It's fairly common knowledge that most of our systems work on 64-bit
at best (and more commonly 32-bit still).
If every route is nicely split at the 64-bit boundary, then it saves a
step in matching the prefix. Admittedly a very inexpensive step.
I expect that most hardware and software implementations store IPv6 as
either a group of 4 32-bit integers or a pair of 64-bit integers, and
a [ 7 or ] 8-bit prefix length field. I haven't read anything about a
new 128-bit ASIC for IPv6, at least.
In this context, it is perfectly reasonable, and expected, that the
use of longer prefixes will have a higher cost.
However, I think the number of routes, and your network architecture
play a significant factor.
It is a fairly standard practice to have different routes for your WAN
connections (e.g. the routers you use BGP on and need to support
thousands of routes) than the routers you use internally, where the
routing table can be considerably smaller (and for which you can
summarize). For these routers, the cost of routing is generally a
non-factor as the tables are much smaller.

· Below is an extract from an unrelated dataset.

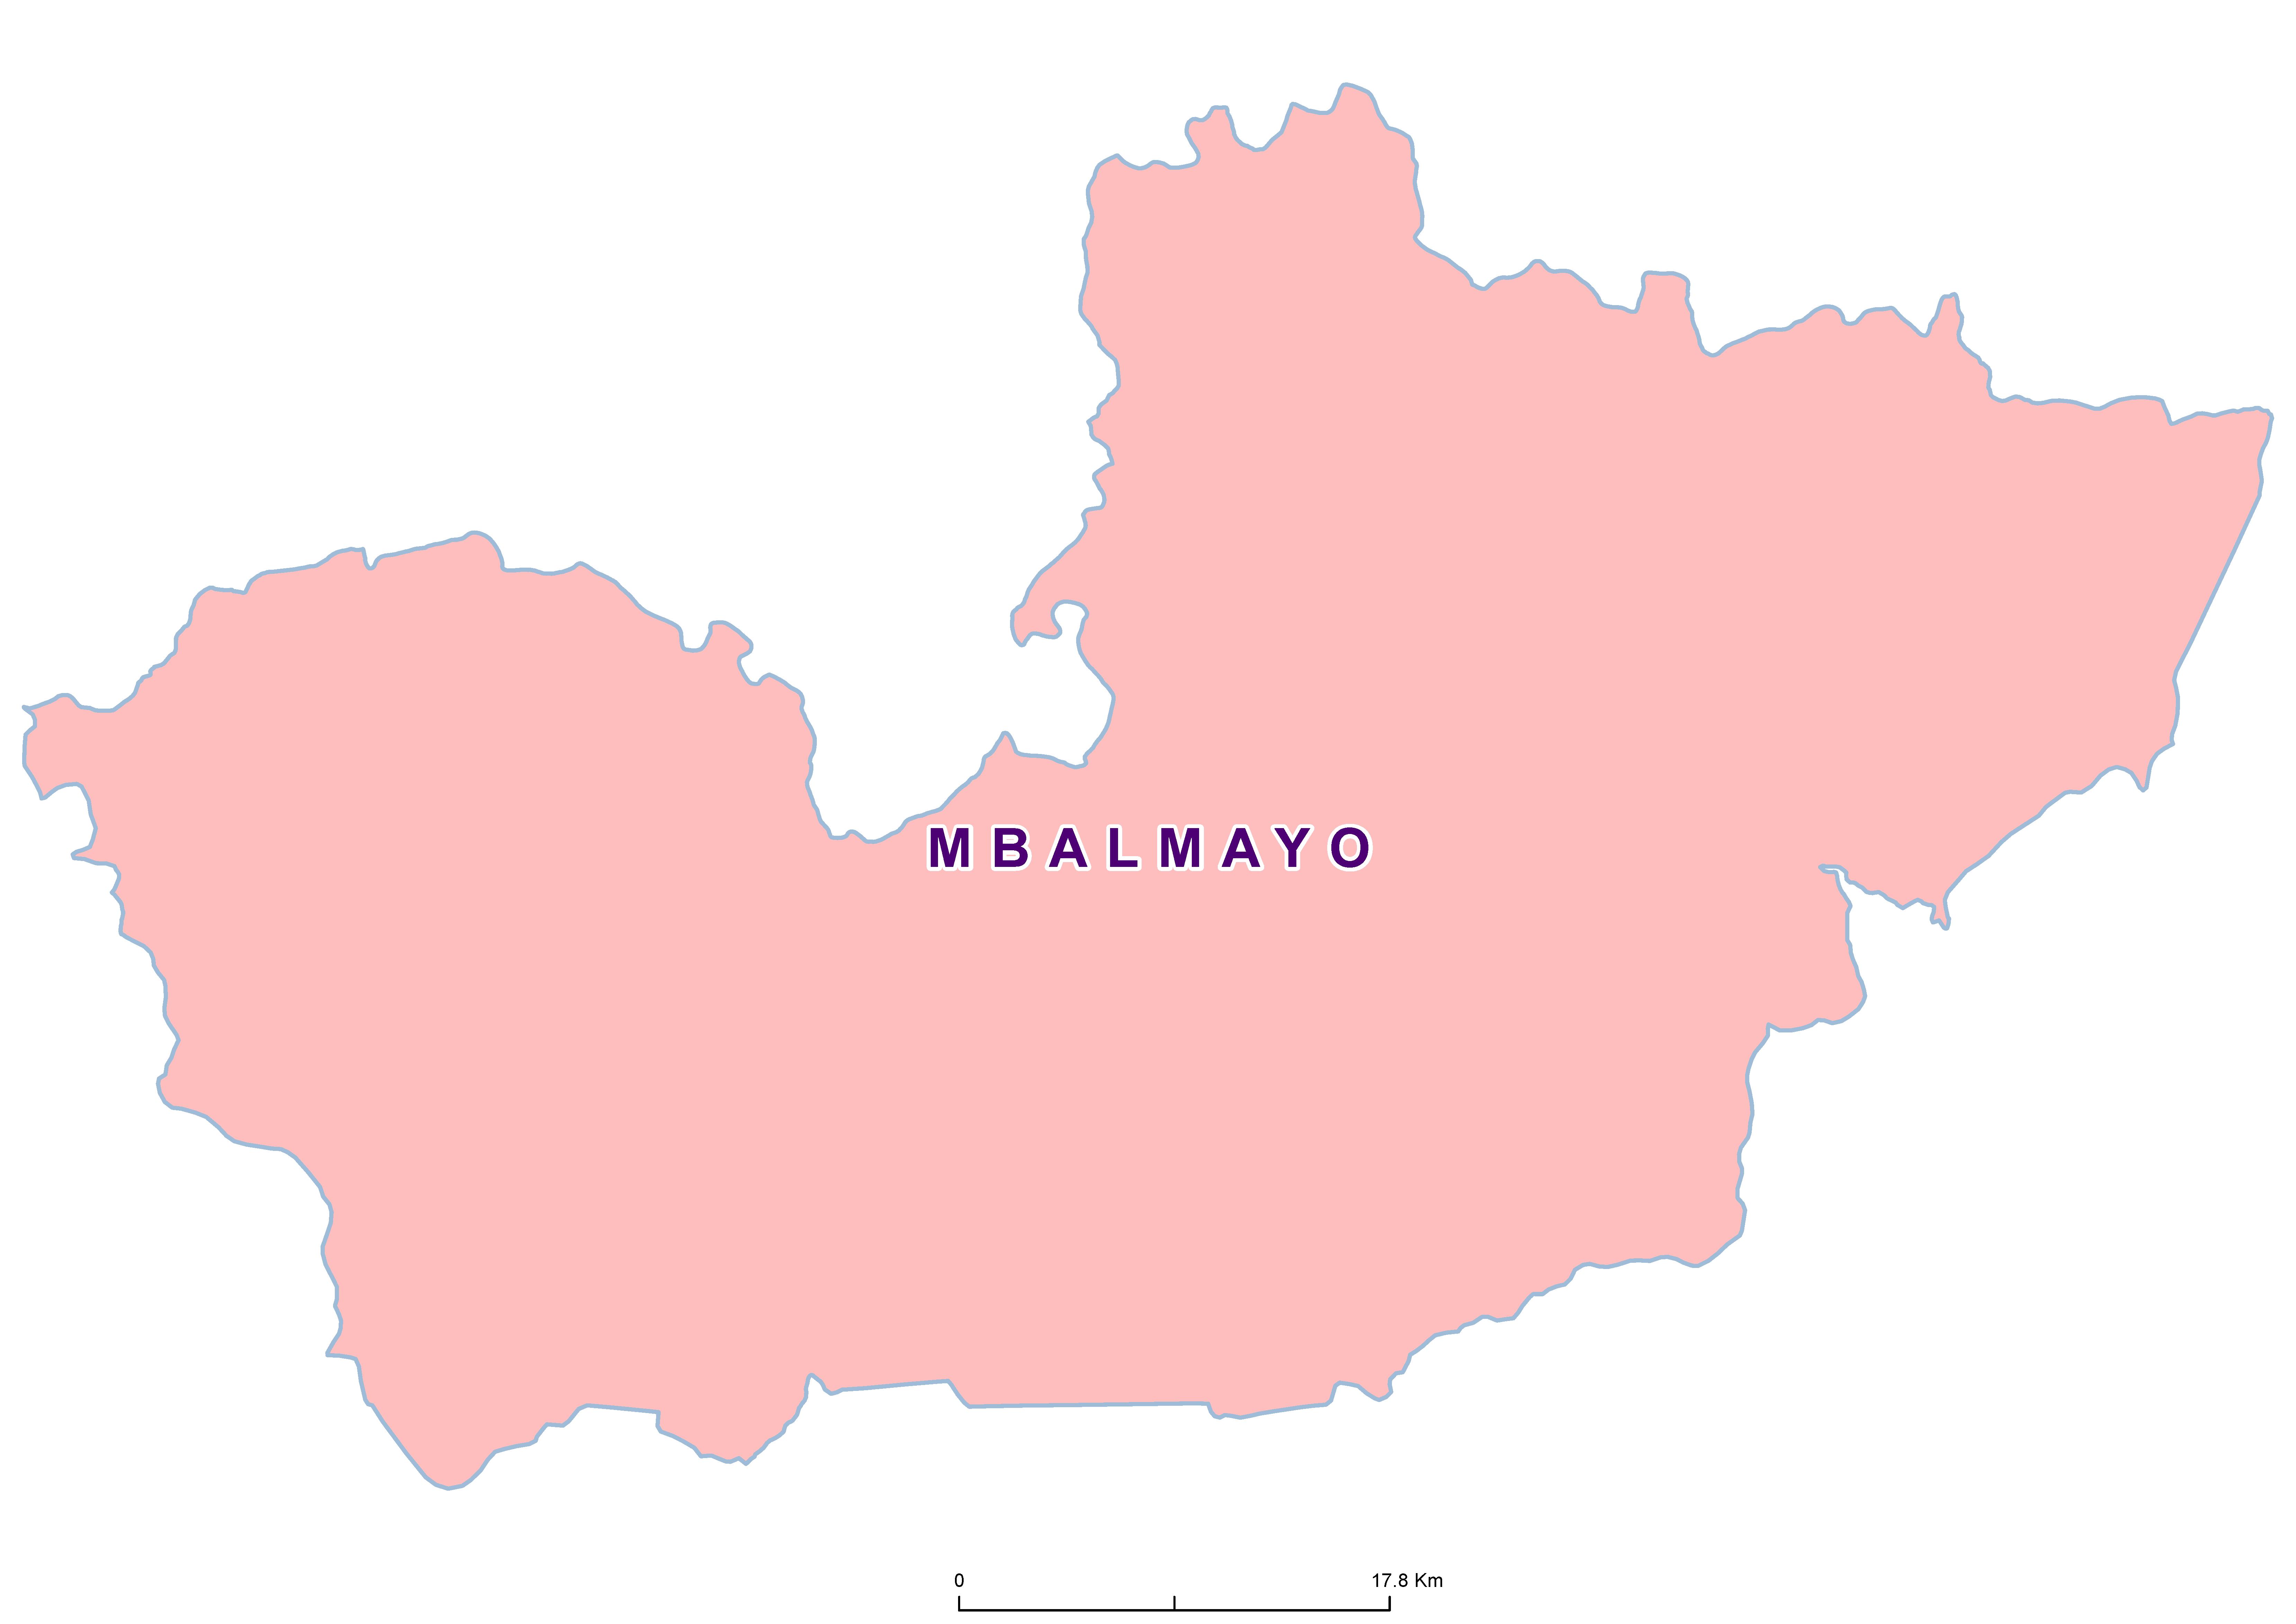 Mbalmayo Max SCH 20180001

I think a greater concern than simple routing and forwarding, would be
additional services, such as queuing, or filtering. These may be
implemented in hardware when a 64-bit boundary is used, but punted to
CPU otherwise. Though this would be implementation specific and is
something you would want to research for whatever hardware you're
running.
So far, the biggest performance problem I've encountered is related to
neighbor discovery. It seems that in most implementations the
neighbor discovery process is implemented in software. It doesn't
have much to do with the boundary, but rather just that the process
(e.g. solicitation for unknown entries) is expensive enough that
sweeping through available address space can easily use all available
CPU capacity.
One [somewhat effective] solution to this is to attempt to use longer
prefixes so there is much less address space where such an attack
would be valid. It is much less costly for a router to discard a
packet that it has no route for than it is to issue thousands of
neighbor discovery solicitations per second.
There are a few solutions that vendors will hopefully look into. One
being to implement neighbor discovery in hardware (at which point
table exhaustion also becomes a legitimate concern, so the logic
should be such that known associations are not discarded in favor of
unknown associations).
I do think, despite these limitations, that hardware is quickly
catching up to IPv6, though. I don't think it will be long before we
see the major vendors have solid implementations. Some of them
already may; I haven't had a chance to play with the newest stuff out
there.